The Amon and Aprof approach differs from other related works. For instance, it differs from the performance prediction simulator, Dimemas [2], in that it focuses on online prediction. Yang et al. [3] requires the analysis of the application source code and a sample execution on the target platform. The Amon and Aprof approach differs in being application agnostic, doesn’t require a sample execution on the target platform, and models execution scale addressing distributed applications. An interesting point here is the fact that the experiments were performed on small clusters. We now want to make benchmarks on a larger number of resources of which it will now be beneficial to access the supercomputer MareNostrum. However, these results will be used to optimize the model that will be used in grid environments.
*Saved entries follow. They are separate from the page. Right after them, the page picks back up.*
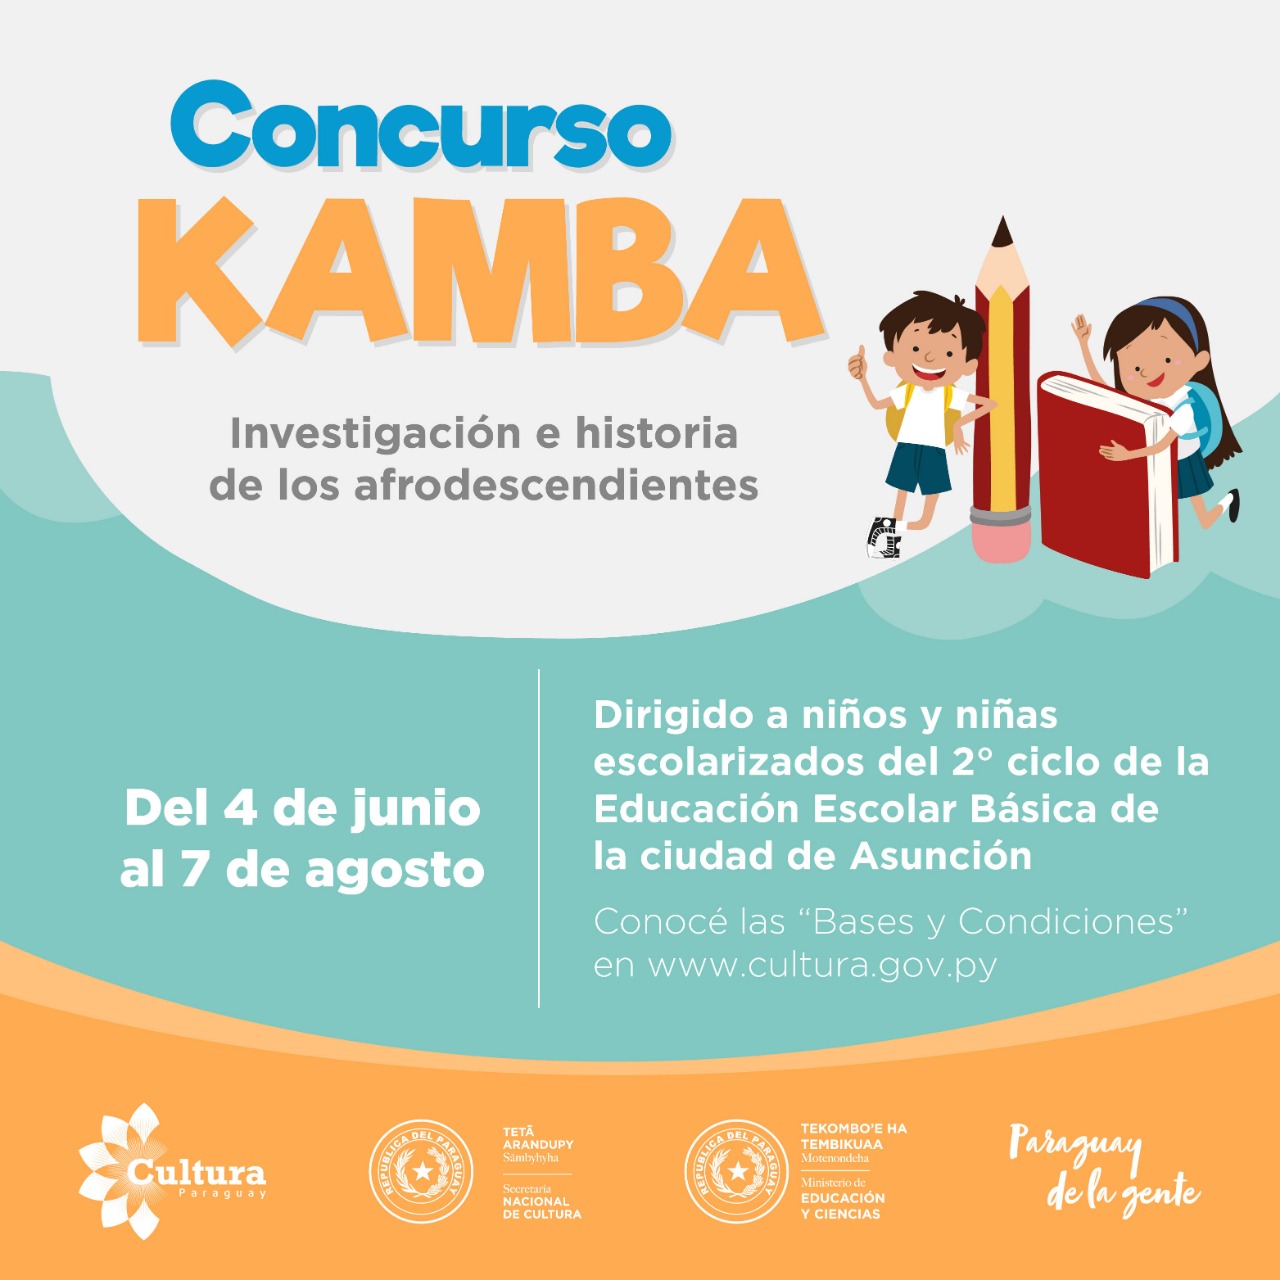 Cultura recibió 172 trabajos de estudiantes de la Escolar Básica para el Concurso “Kambá” imagen
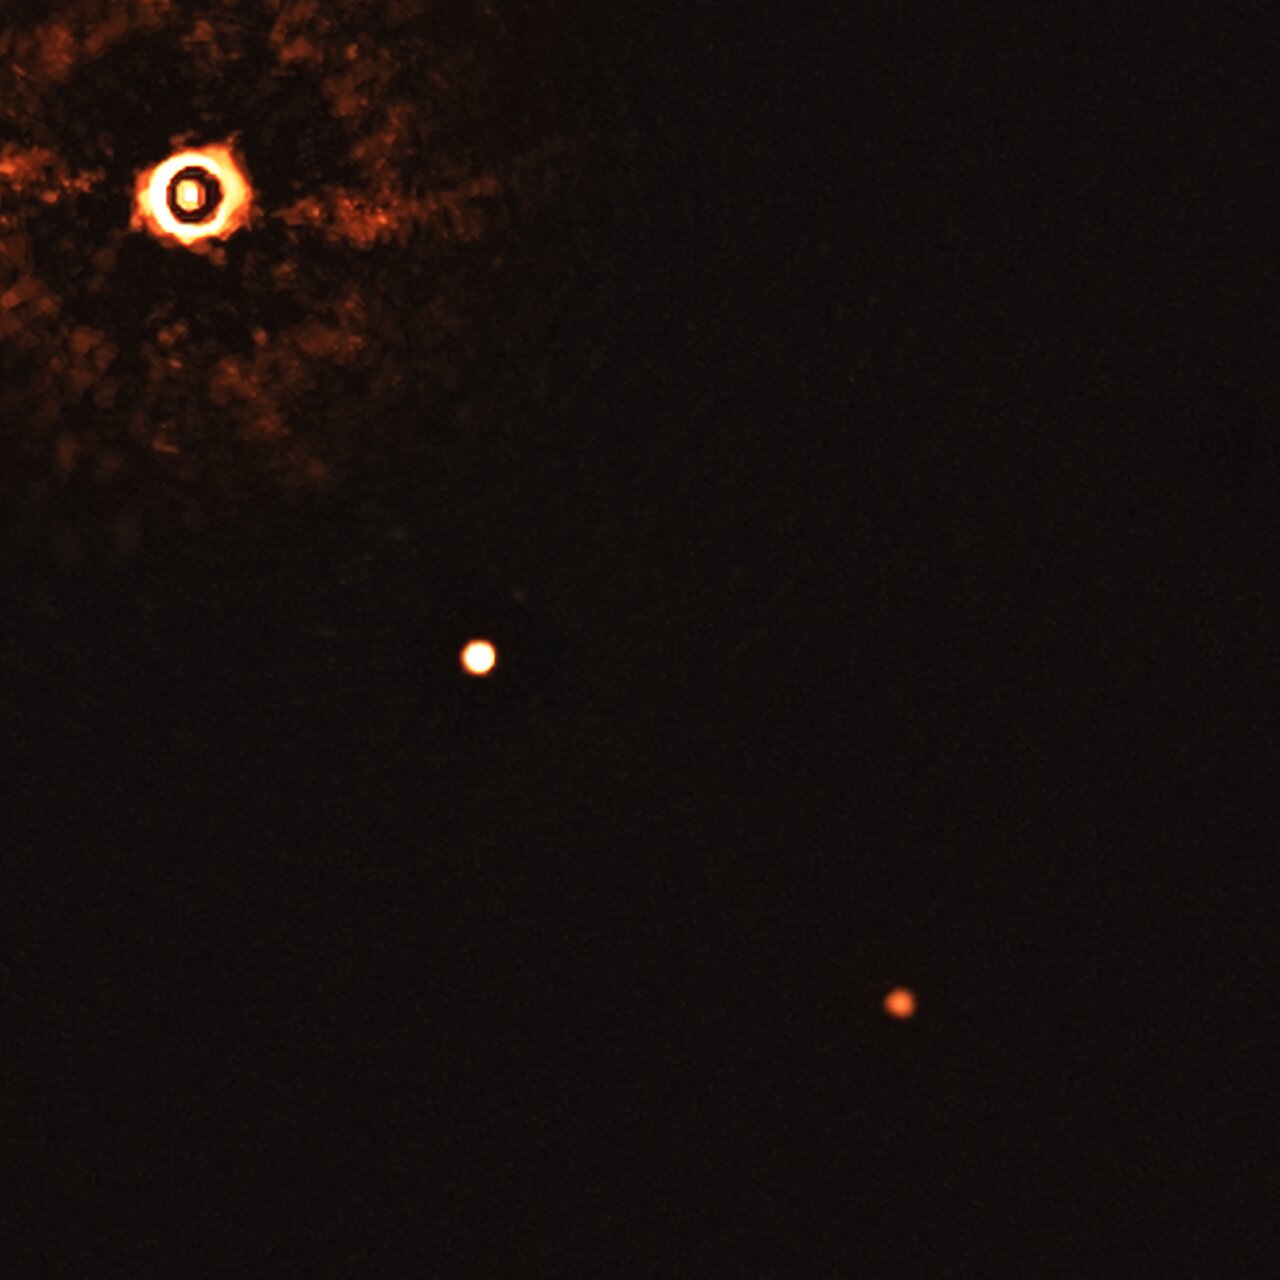 Itt az első kép a Naphoz hasonló csillagról és bolygóiról
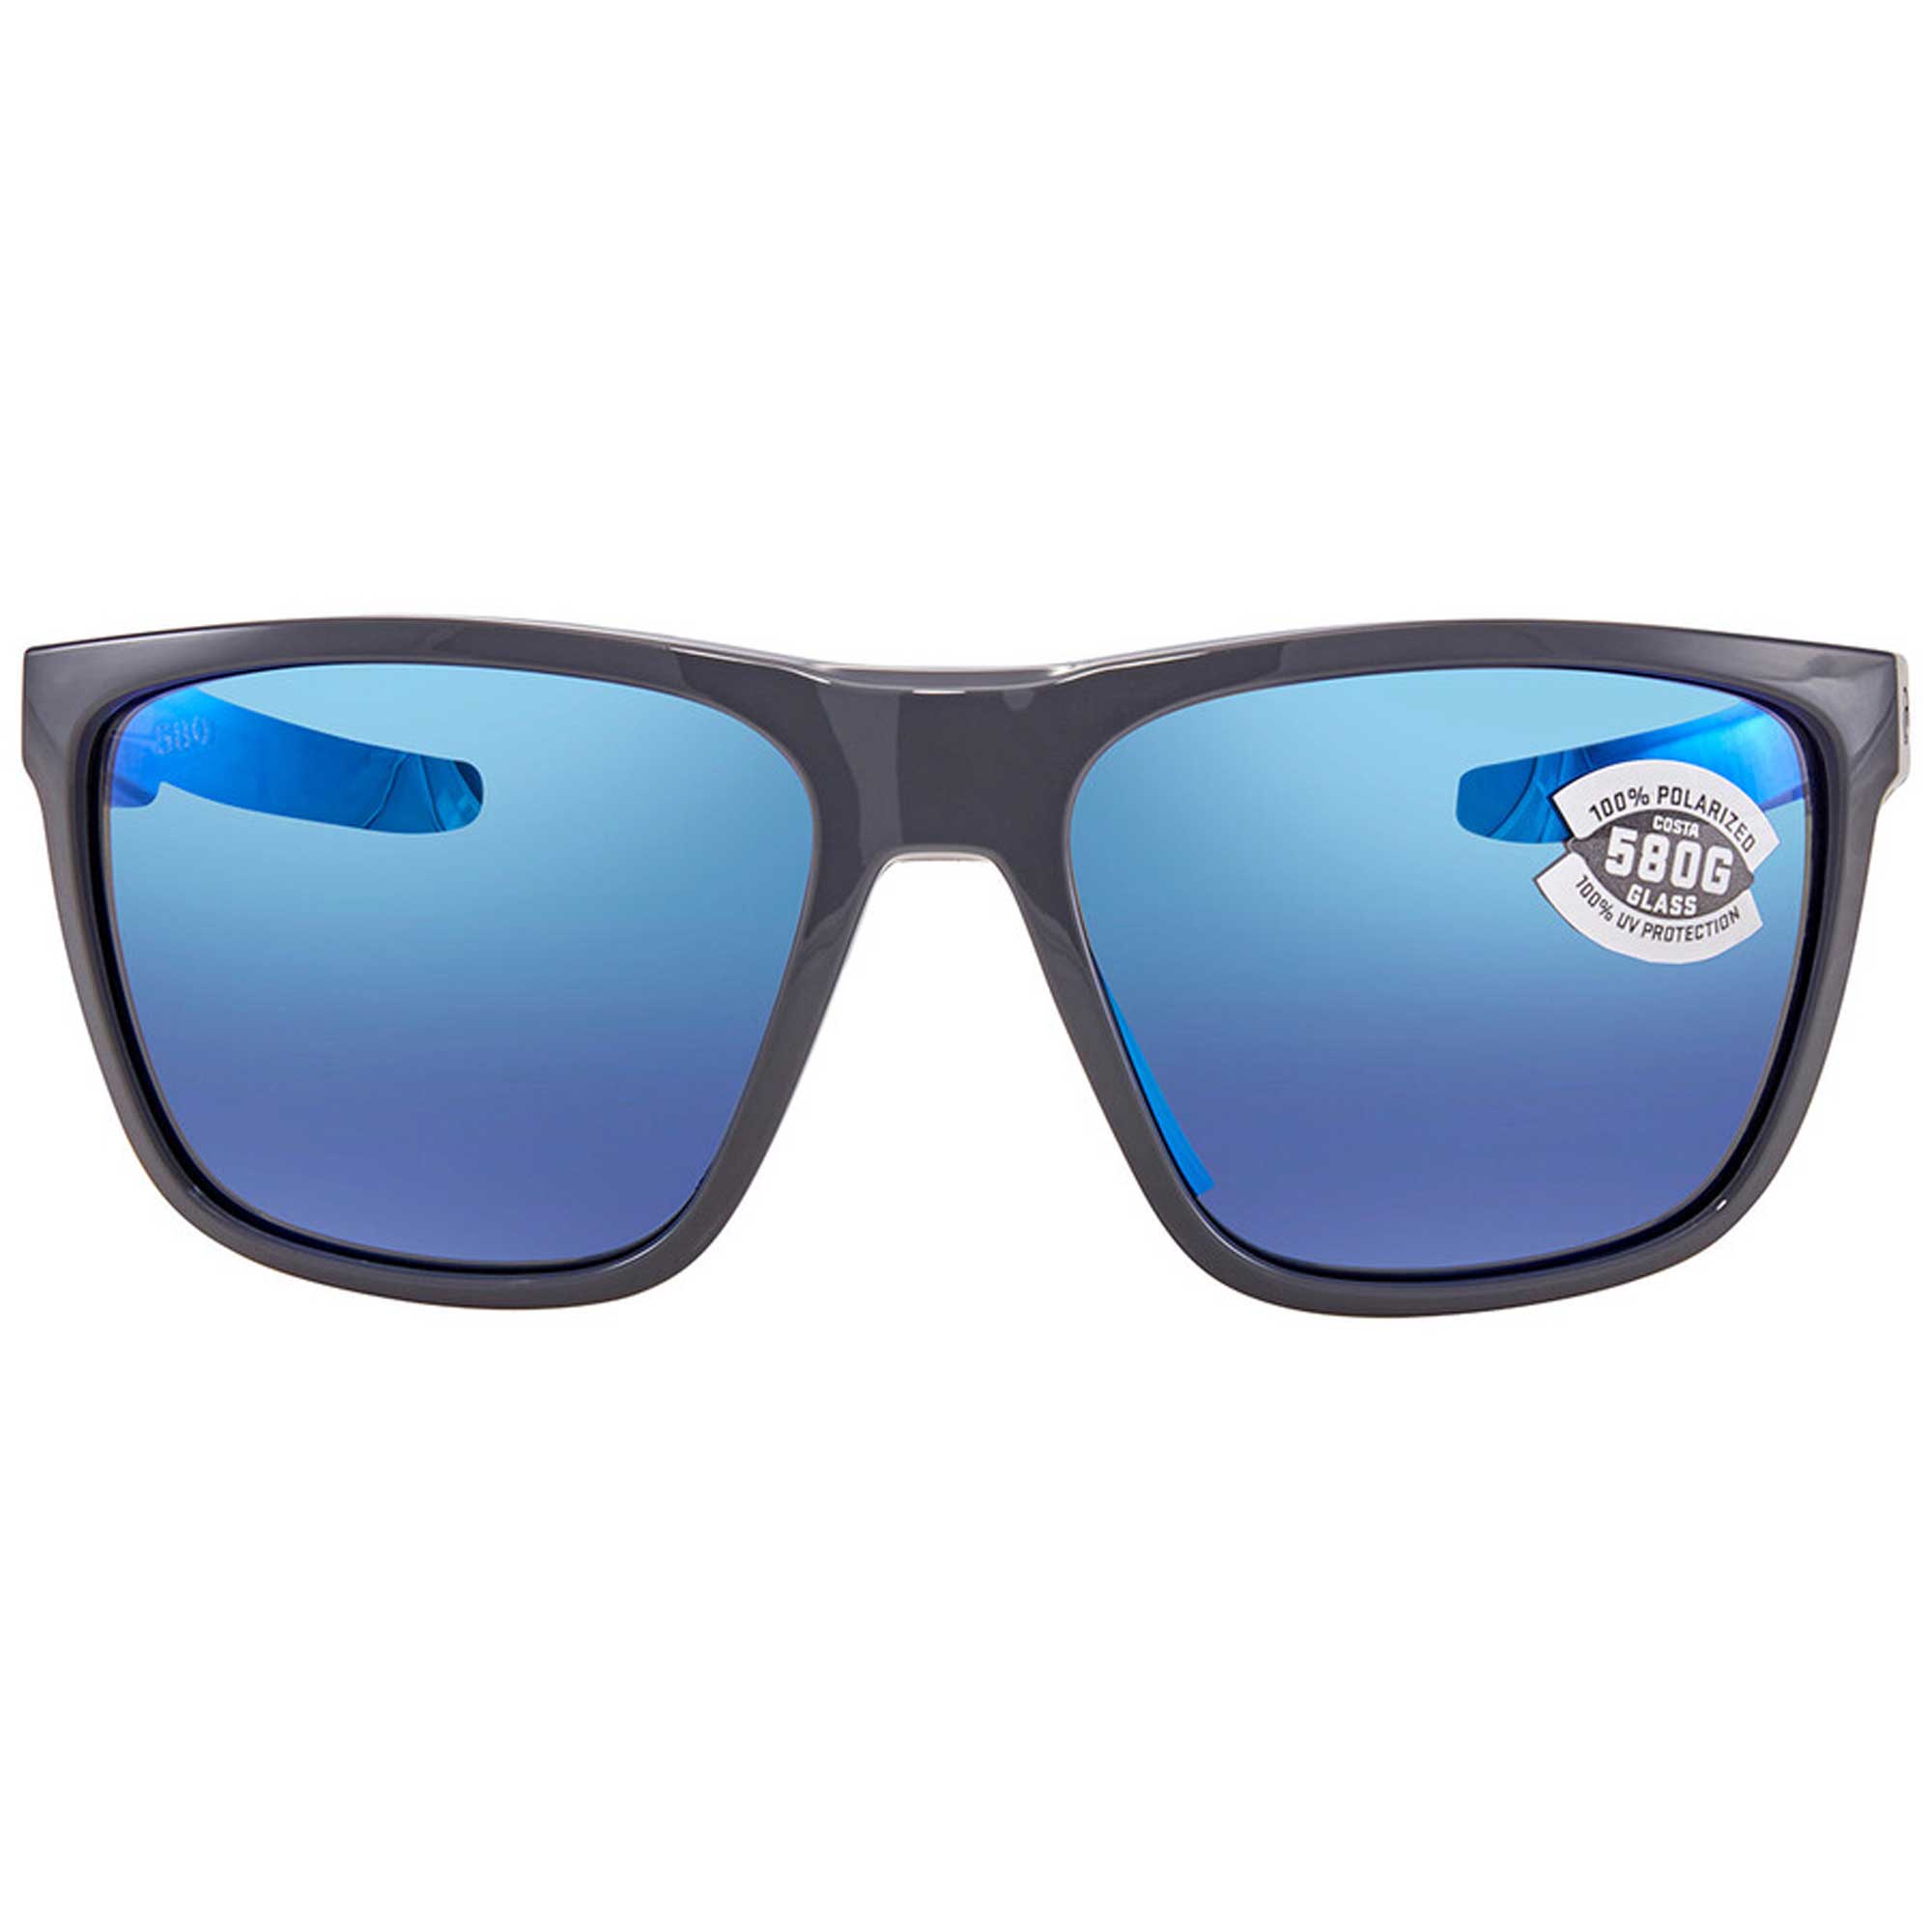 Sunglasses Costa Del Mar 06 S 9002 900233 Ferg 298 Shiny Gray Blue Mirr - image 2 of 3

My current research is an extension of this work. What we want to now do is validate this model for a larger number of resources, and get a more in-depth comparison with the performance simulator Dimemas. We are, also, are considering adding in memory parameters into Aprof’s prediction model as part of the optimization process that is discussed. In addition, this research focuses on the Weather Research and Forecasting Code of which it is our ultimate goal to grid enable this application. Down the road, however, we would like to further validate our assumption that this model should be application agnostic and further its application.
References:
[1] S. Masoud Sadjadi, Shu Shimizu, Javier Figueroa, Raju Rangaswami, Javier Delgado, Hector Duran, and Xabriel Collazo. A modeling approach for estimating execution time of long-running scientific applications. In Proceedings of the 22nd IEEE International Parallel & Distributed Processing Symposium (IPDPS-2008), the Fifth High-Performance Grid Computing Workshop (HPGC-2008), Miami, Florida, April 2008.
[2] R. Badia, F. Escale, E. Gabriel , J. Gimenez, R. Keller, J. Labarta, M. S. Müller, Performance Prediction in a Grid Environment. European Across Grids Conference, 2003. [3] L. T. Yang, X. Ma, and F. Mueller. Cross-Platform Performance Prediction of Parallel Applications Using Partial Execution. Proceedings of Supercomputing, 2005.